High school can still be competitive and regional. I’m referring more to the leagues in college usually offered through the physical activities departments which are usually super casual and for fun, or very light competition, and often entirely within a single institution. It rarely rises above the level of “Your High School PE class” which usually plays traditionally segregated sports co-ed because of the low level.
Like, my university has a casual in-university doubles tennis league in the spring and while I guess someone could abuse it, everyone is playing at such a low level the biological differences aren’t really even meaningful because it’s mostly people who are at best vaguely not out of shape but still really bad form. You’d be more in danger of somebody who plays in league tennis coming in and stomping everyone to make themselves feel big (which is why people who play league tennis are banned from intramural).

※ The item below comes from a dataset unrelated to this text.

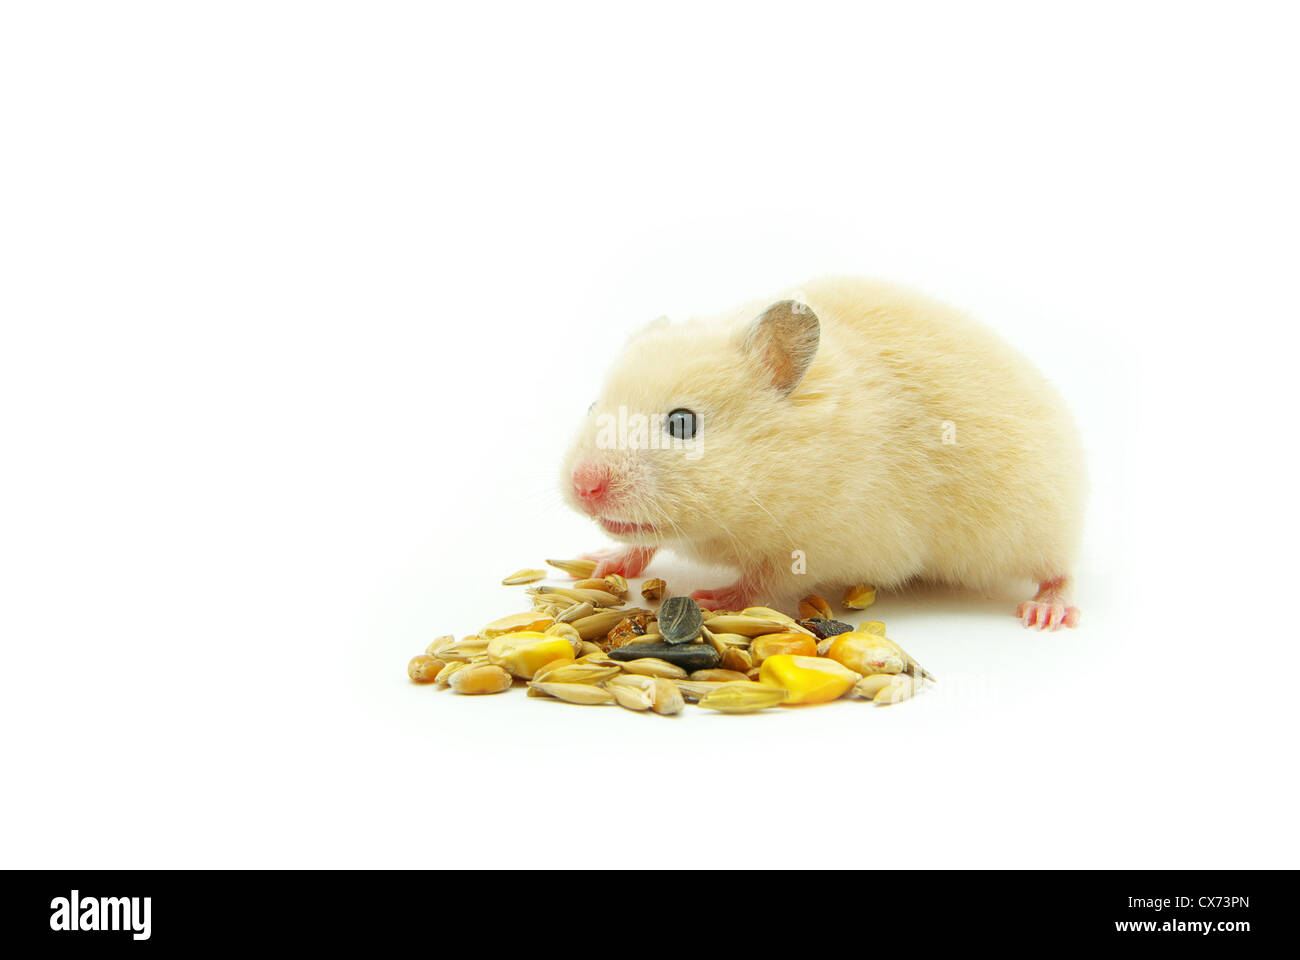 Hamster in front of a white background Stock Photo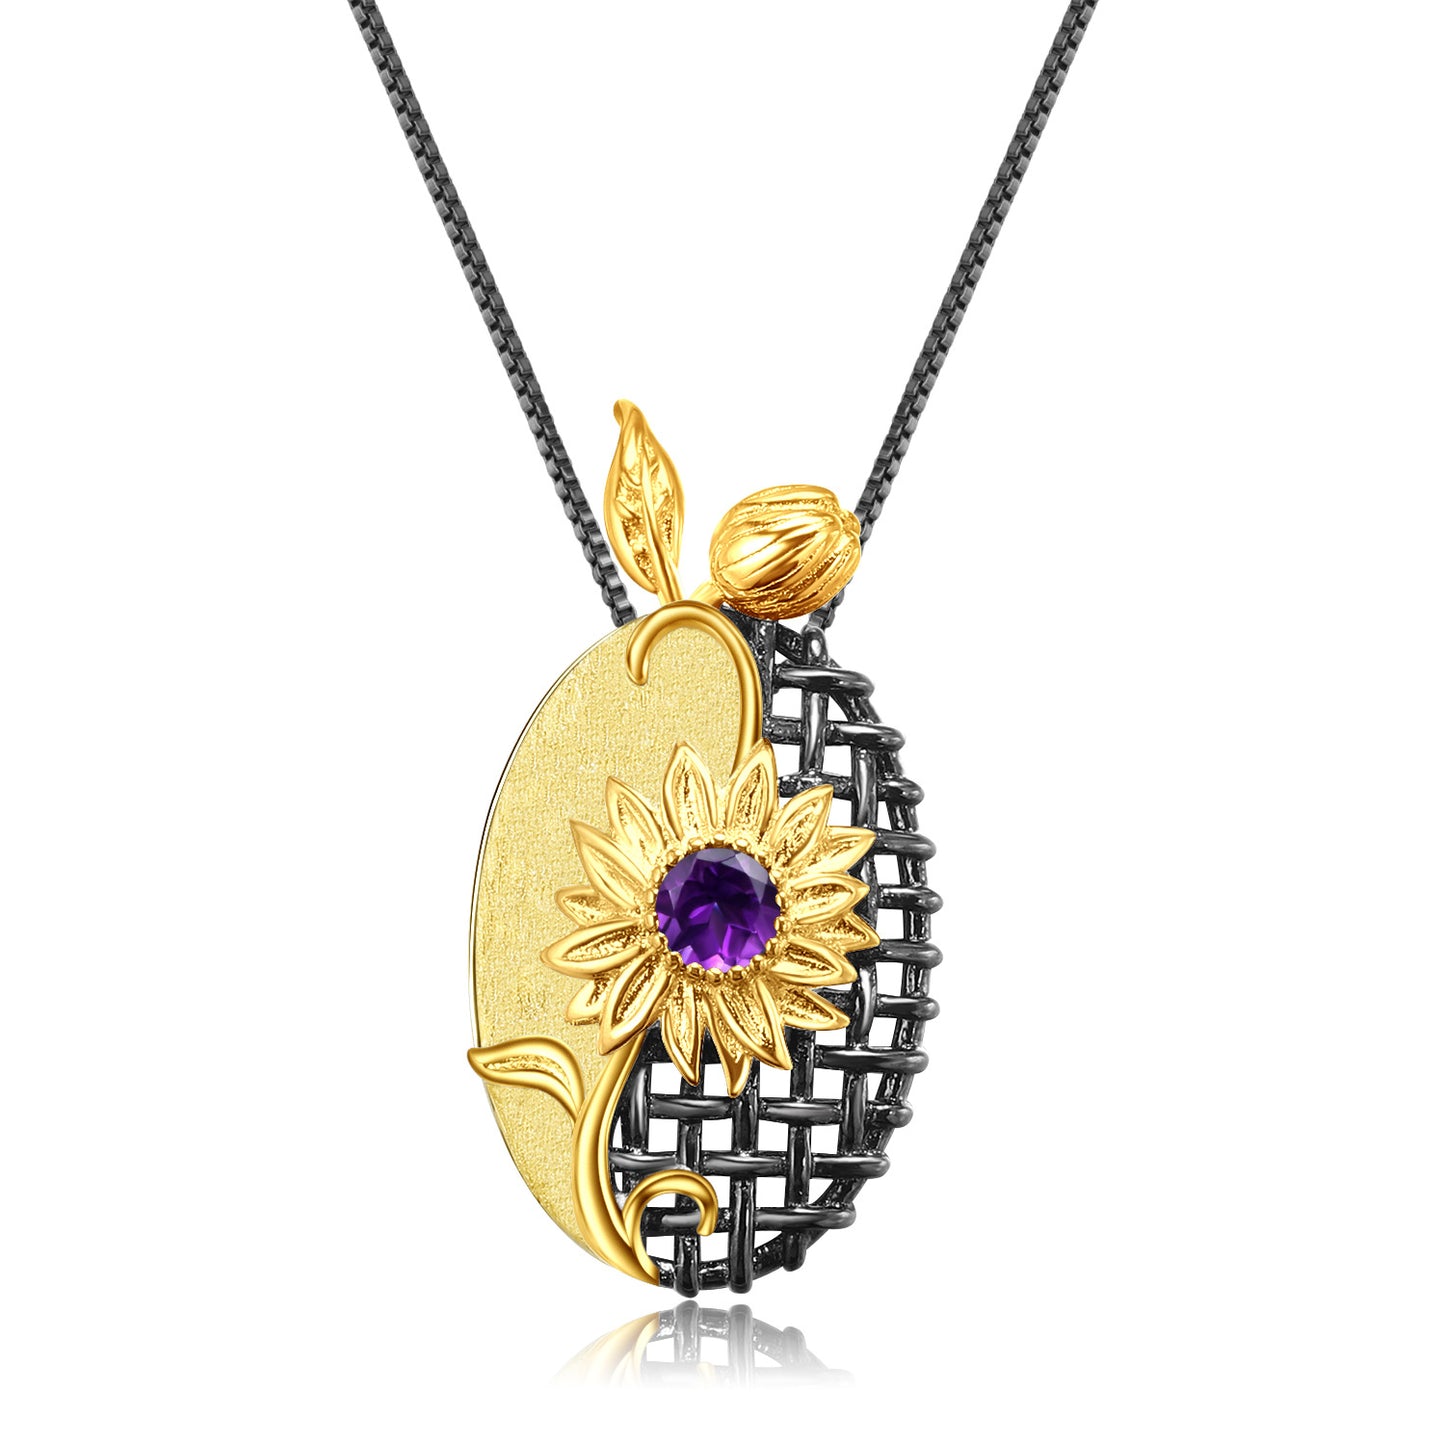 Italian Craft Design Other Shore Flower Luxury Sense Natural Amethyst Pendant Silver Necklace for Women

Also, I feel like you guys are moving the problem a bit. A trans woman on HRT can never compete with cis men either in a competitive environment. You could propose a “trans league”, but at levels like high school, even arguably college, that’s effectively a no-compete statement because you’d need the school to have enough 1. trans women that 2. want to play one specific sport which is a real “stars align” situation.
I’m also not sure of the evidence here. There’s not super good science AFAICT, and naturally the news focuses on trans women who win, especially in a blowout. I see a lot of people asserting one way or anything “this is because they’re trans”, “muscle mass drops sufficiently after <X time>”, “but bones”, and so on, but little in the way of evidence besides anecdotally having seen a couple trans women compete in a specific competition. It’s entirely plausible that say, the bell curve of post-HRT (post-bottom surgery?) trans women slightly exceeds the bell curve of cis women at the tail but the means are very close, for instance. And it’s unclear what to do in that situation because, as mentioned, there are a lot of extreme deviations that can happen in women traditionally identified as cis too, such as Caster Semenya.
This is why I brought up the strength bracket solution as an analogy to weight class. It would also allow, say, intersex people, AFAB NB people on low-dose T, weaker men (until they train enough to get into men’s), and so on to compete as well. Again, not fully baked, but is a solution.